There are short-term and long-term consequences for the Black entrepreneurial ecosystem from the second biggest bank failure in U.S. history. Silicon Valley Bank (SVB) did business with nearly half of all U.S. tech startups backed by venture capitalists. Even though Black entrepreneurs receive less than 0.5% of all venture dollars invested in the U.S., the fallout from SVB could have greater consequences for them. Without access to sufficient money, Black entrepreneurs cannot build businesses to effectively compete across various sectors.
Why This Matters: SVB was founded in 1983 and had $210 billion in assets. When other large money center banks would not take the phone calls from tech startups, SVB did and was viewed as a key artery for the Silicon Valley tech ecosystem. The bank was a big supporter across the Black entrepreneurial ecosystem and helped to fund the State of Black Venture report spearheaded by BLKVC, along with Black-led accelerators. All of these efforts could be in jeopardy going forward.
Reign Ventures had to cancel their Black founder ecosystem building events at SXSW this past weekend as SVB was its major supporter. Also, VC + Include, a franchise founded to support the next generation of impact-focused BIPOC fund managers through funding, advocacy and training, stated that “some of their funds, portfolio companies, and fellows have exposure to Silicon Valley Bank and are working through those immediate challenges,” in a written statement.

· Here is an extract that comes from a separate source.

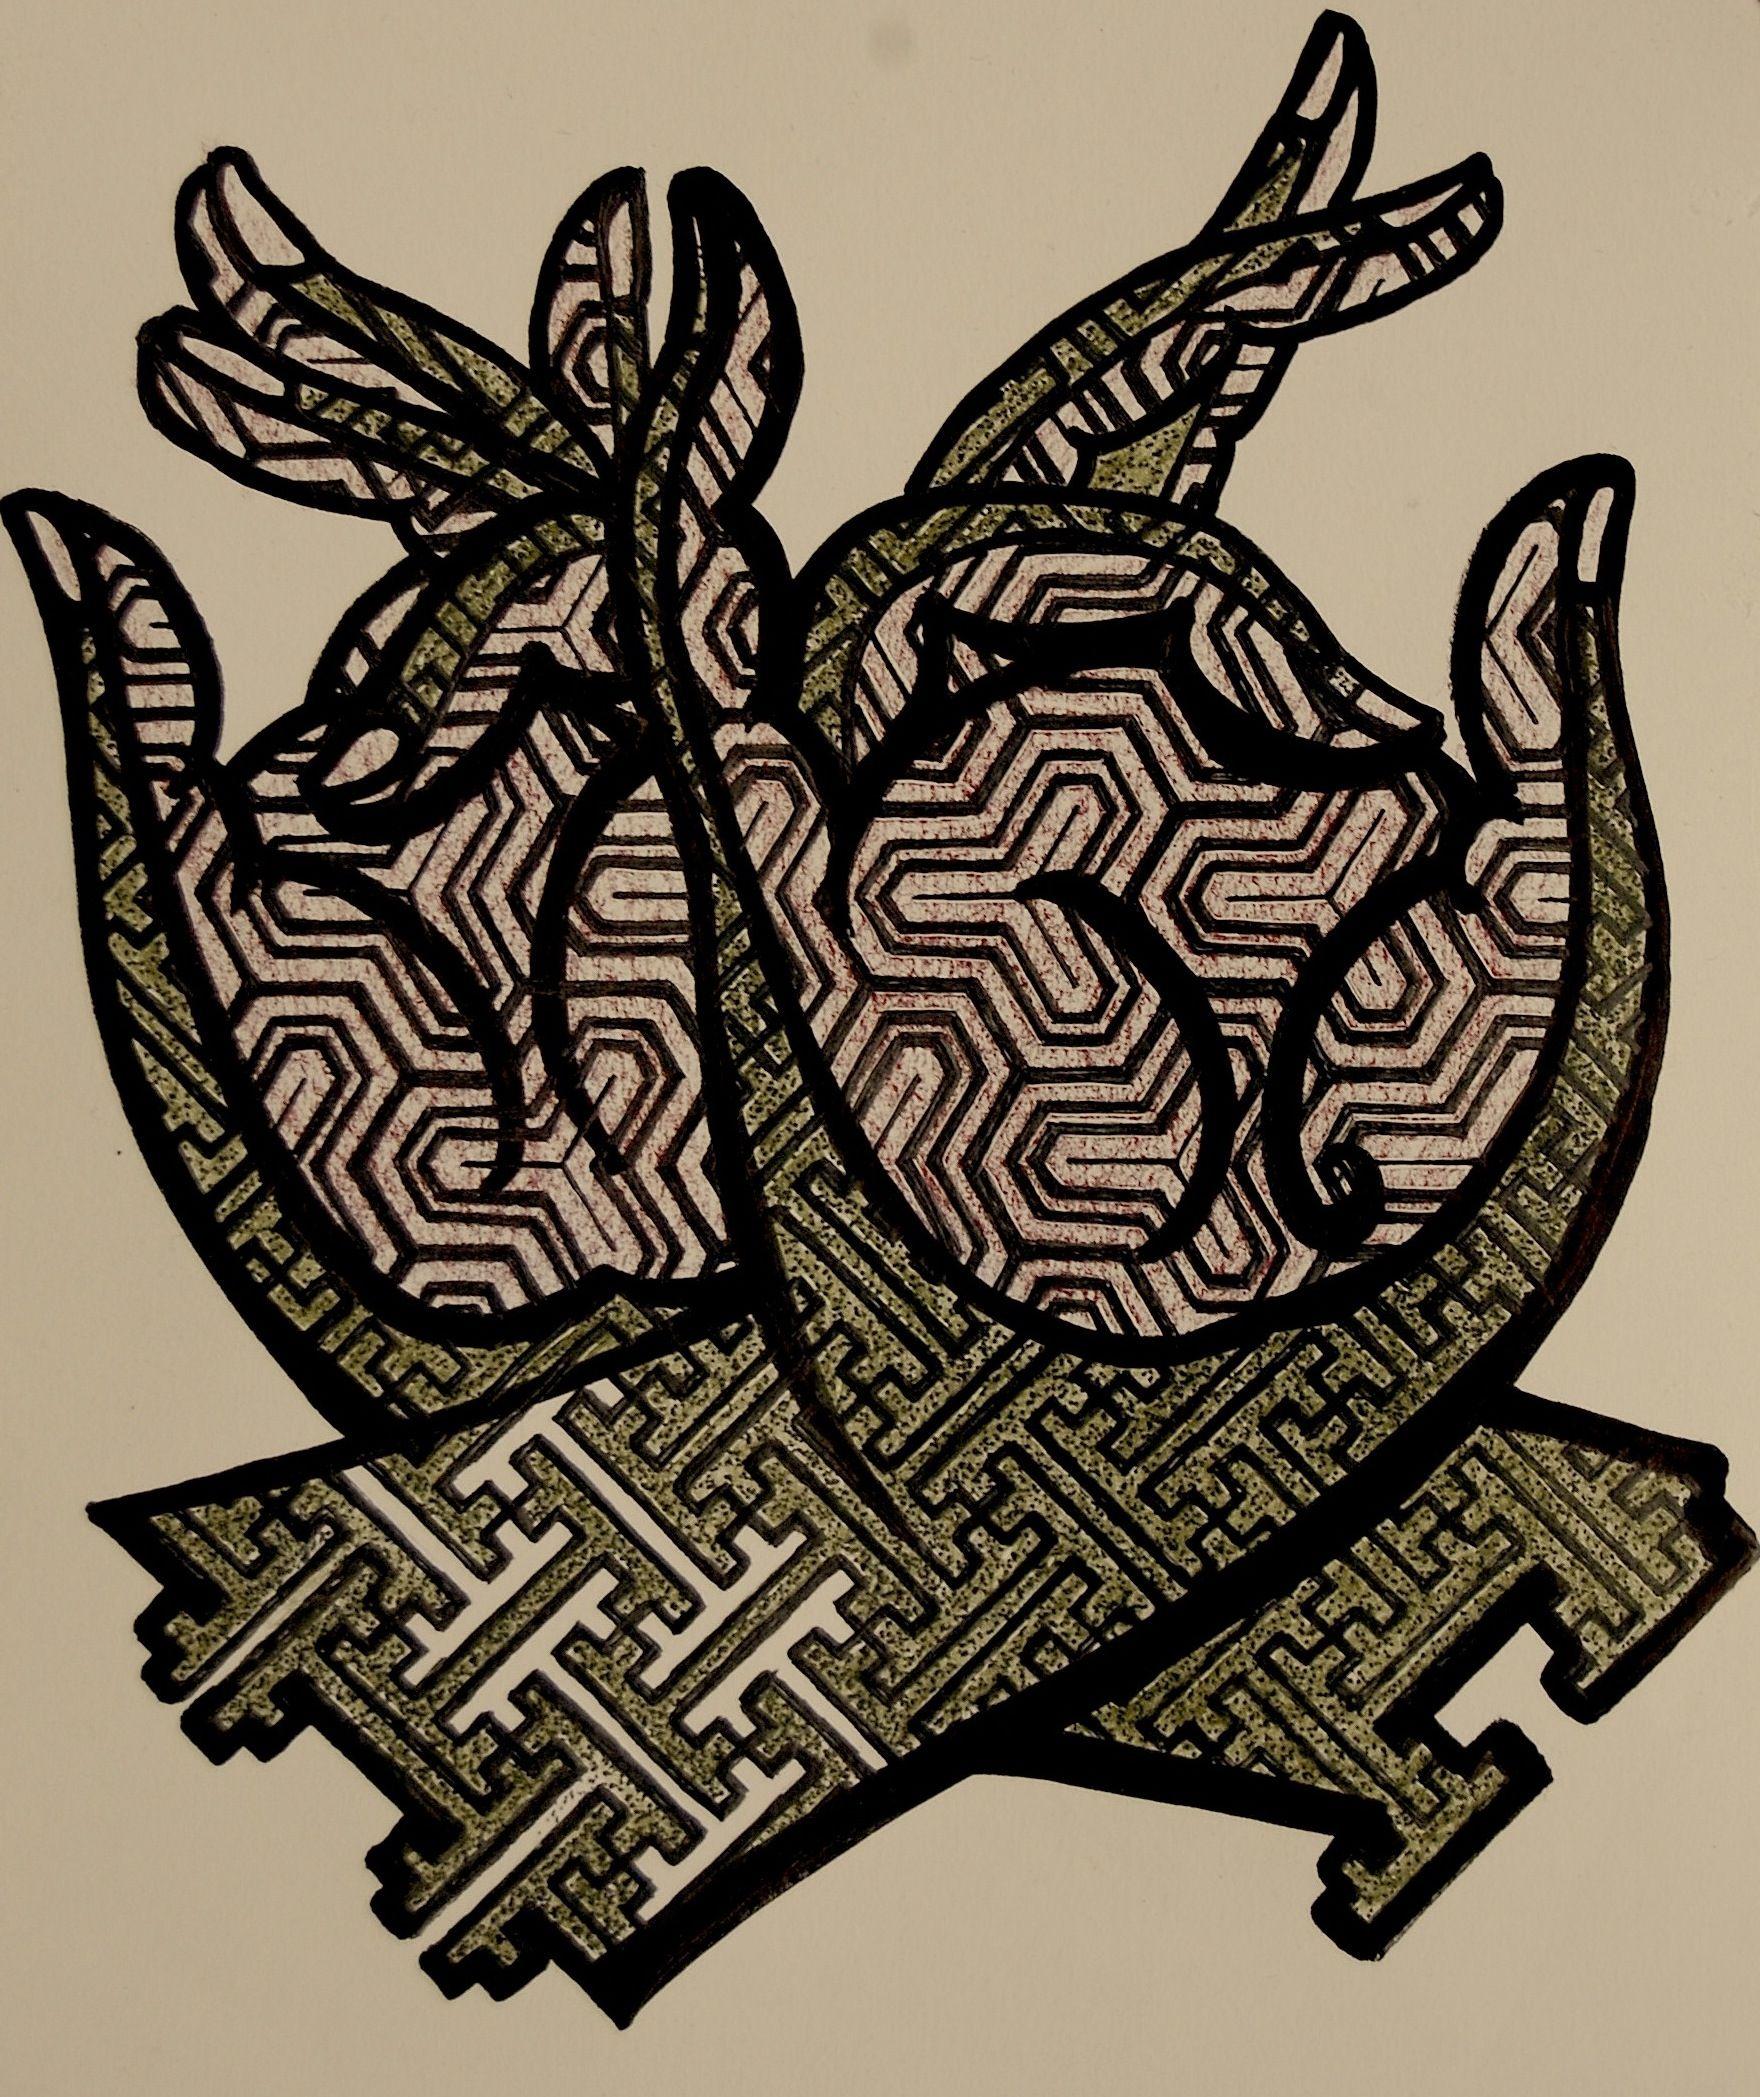 39 sacred mudra 39 tattoo design surya ink tattoo ideas at for Sacred ink tattoo

Venture capital funding had already been in a contraction mode before SVB folded. In Q4 2022, Black startup founders in the U.S. raised around $264 million out of the total $33.6 billion in venture capital allocated, which is less than 1%. Even though Black entrepreneurs are the fastest-growing group of founders, they consistently face significant barriers when raising money.
There are several Black-led VC funds caught up in the SVB fallout. They already have less capital to deploy than their counterparts, thereby putting more pressure on Black-founders receiving funding in the near-term.
Let’s quickly unpack how we got here. High interest rates and market uncertainty made lenders tighten the spigot on money, after many years of low interest rates and easy money sent valuations soaring. SVB’s collapse was a byproduct of the Federal Reserve’s hiking of interest rates by 1,700% in less than a year. Once risk-free Treasuries started generating more attractive returns than what SVB was offering, people started withdrawing, and the firm was forced to sell its loan portfolio at a huge loss. Even more people fled, and regulators were forced to shut it down.
It’s important to remember that the fallout from this bank failure is a stark reminder of the importance of sound risk management practices for all financial institutions. Additionally, the SVB collapse calls into question the Trump-era deregulation of banks. The decision to roll back Dodd-Frank’s ‘too big to fail’ rules, reducing both oversight and capital requirements, seems to have contributed to SVB’s collapse, according to observation from Nigel Green of deVere Group. Going forward, it is now doubtful the Fed will continue with its plan for aggressive interest rate hikes, according to Goldman Sachs, which notes immense pressure on the country’s banking system.
What’s Next: Banks, not taxpayers, will fund the government’s efforts to shore up depositors. Specifically, the Biden administration will draw from the FDIC’s Deposit Insurance Fund (DIF) to backfill customers’ deposits. The DIF is funded by quarterly fees collected from FDIC-insured banks as well as interest earned from its investments in Treasury securities. As of December 31, 2022, the DIF’s fund balance was $128.2 billion, according to the FDIC.